In order to do this kind of work, a soul retrieval practitioner must have developed considerable skills at journeying and have built a good working relationship with his own power animals and spirit allies. Contemporary shamanic practitioners can develop these skills at workshops now taught in America and Europe, where they will undertake many hours of supervised journeying into the otherworlds, and seek objects or energies which have been deliberately hidden.

One person may journey, for example, and then hide something, such as a personal symbol, in the otherworlds. Their partner must then enter that world and find it.
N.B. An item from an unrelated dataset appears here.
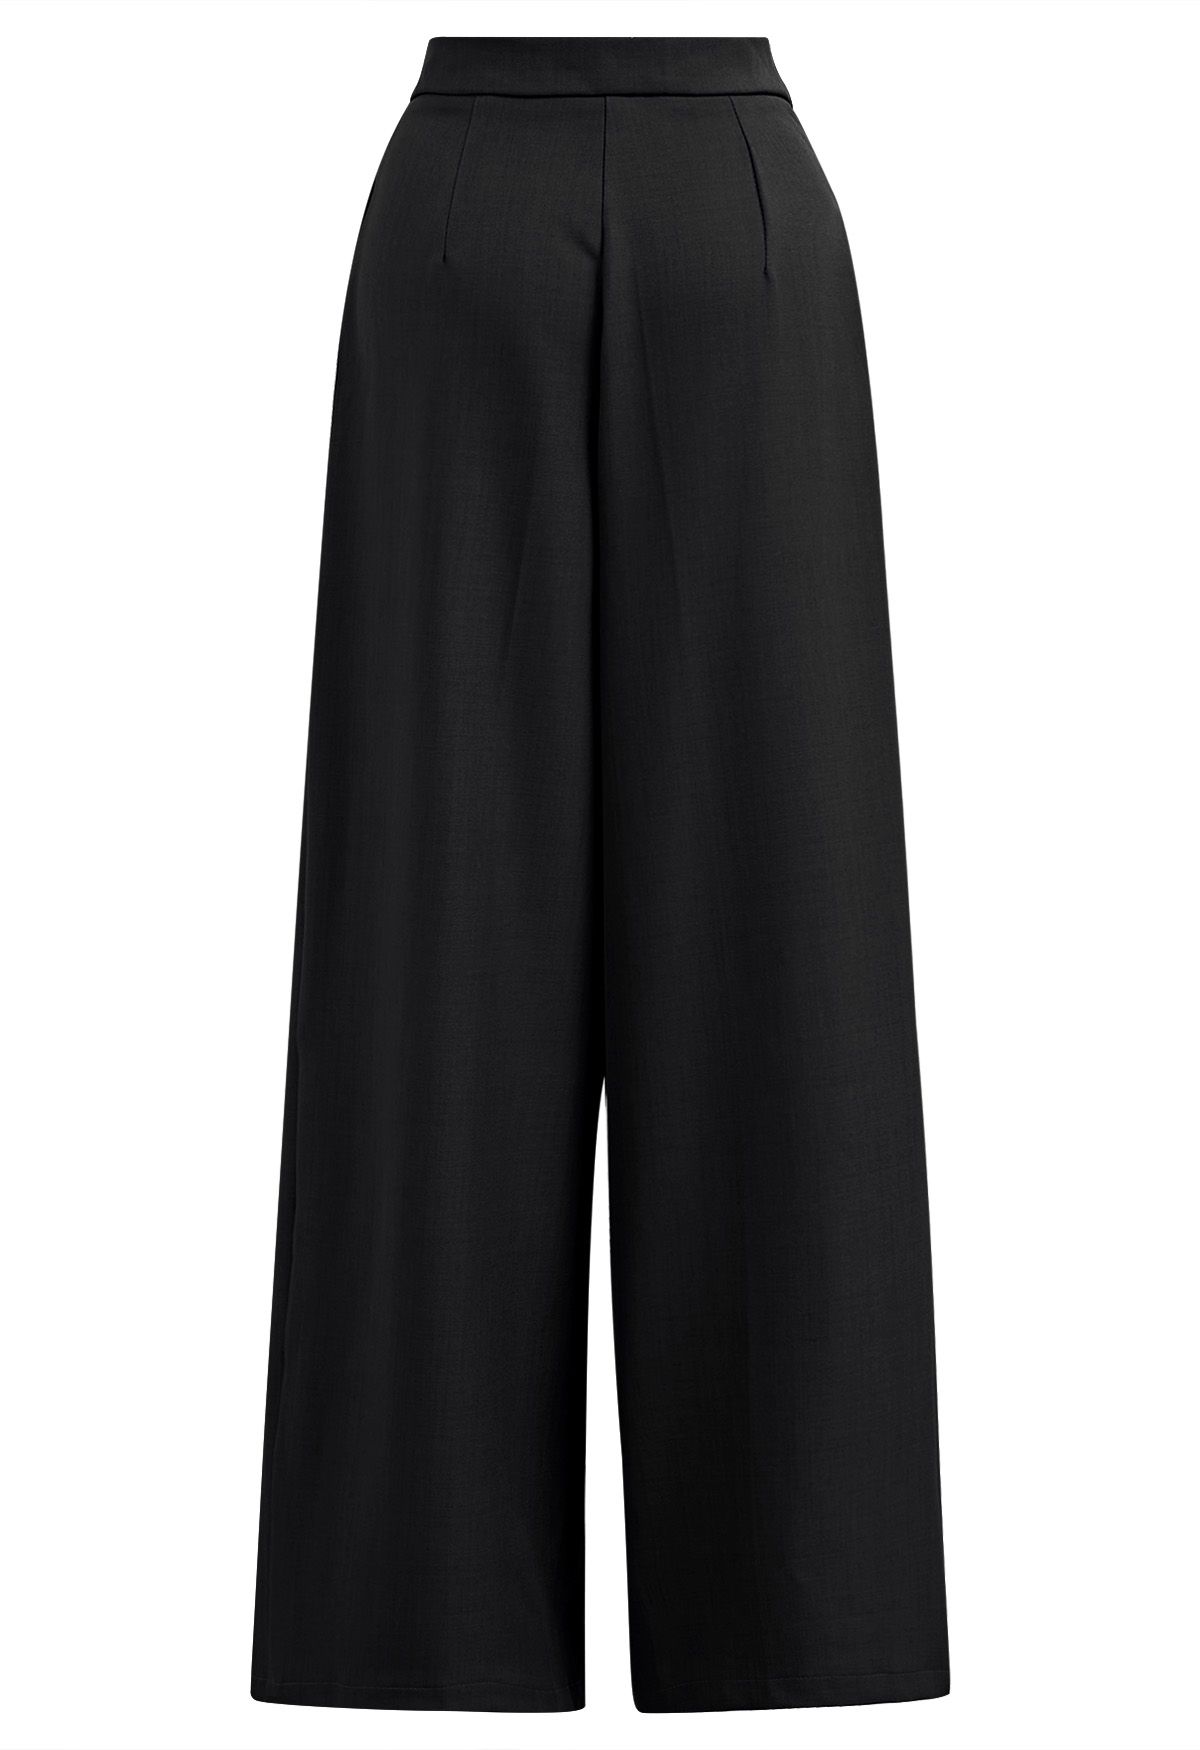 Pantalon droit avec poches latérales et ceinture fixe en noir

Such ‘spiritual hide and seek’ is powerfully affirmative when something or someone hidden in this way is found by another with no prior knowledge of the person who is hiding, of their memories, the landscape of their personal world, or their interests. Far from being a land of imagination, a mental landscape, the otherworlds prove to be something much more – a transpersonal world which exists outside of us where our soul parts can find a home until it is safe for them to return.

“Think of a child lost in a deep wood, cold frightened and alone, who hears a warm voice singing a song of comfort and love, which he can follow back home and into the light”, is the way one contemporary shamanic practitioner explains soul retrieval.

Shamans have themselves been called ‘wounded healers’, reflecting the fact that most practitioners have been through a healing crisis of their own as part of their initiation into shamanism. Their survival and self-healing is testament to their ability to guide the client through similar distress and to find an outcome which works.

In Western societies it would probably be unique to find someone who had not suffered trauma, injury, neglect or abuse, or to have given themselves away to others in a dance of power and office politics. We all become more fragmented every day. But while Western physicians treat the body and psychoanalysts deal with the mind, the shamans are taking care of the soul.

Ross Heaven is a therapist, healer, workshop leader, and the author of several books on shamanism and healing, including Darkness Visible, the best-selling Plant Spirit Shamanism, and Love’s Simple Truths. His website is http://www.thefourgates.com where you can also read how to join his sacred journeys to the shamans and healers of the Amazon.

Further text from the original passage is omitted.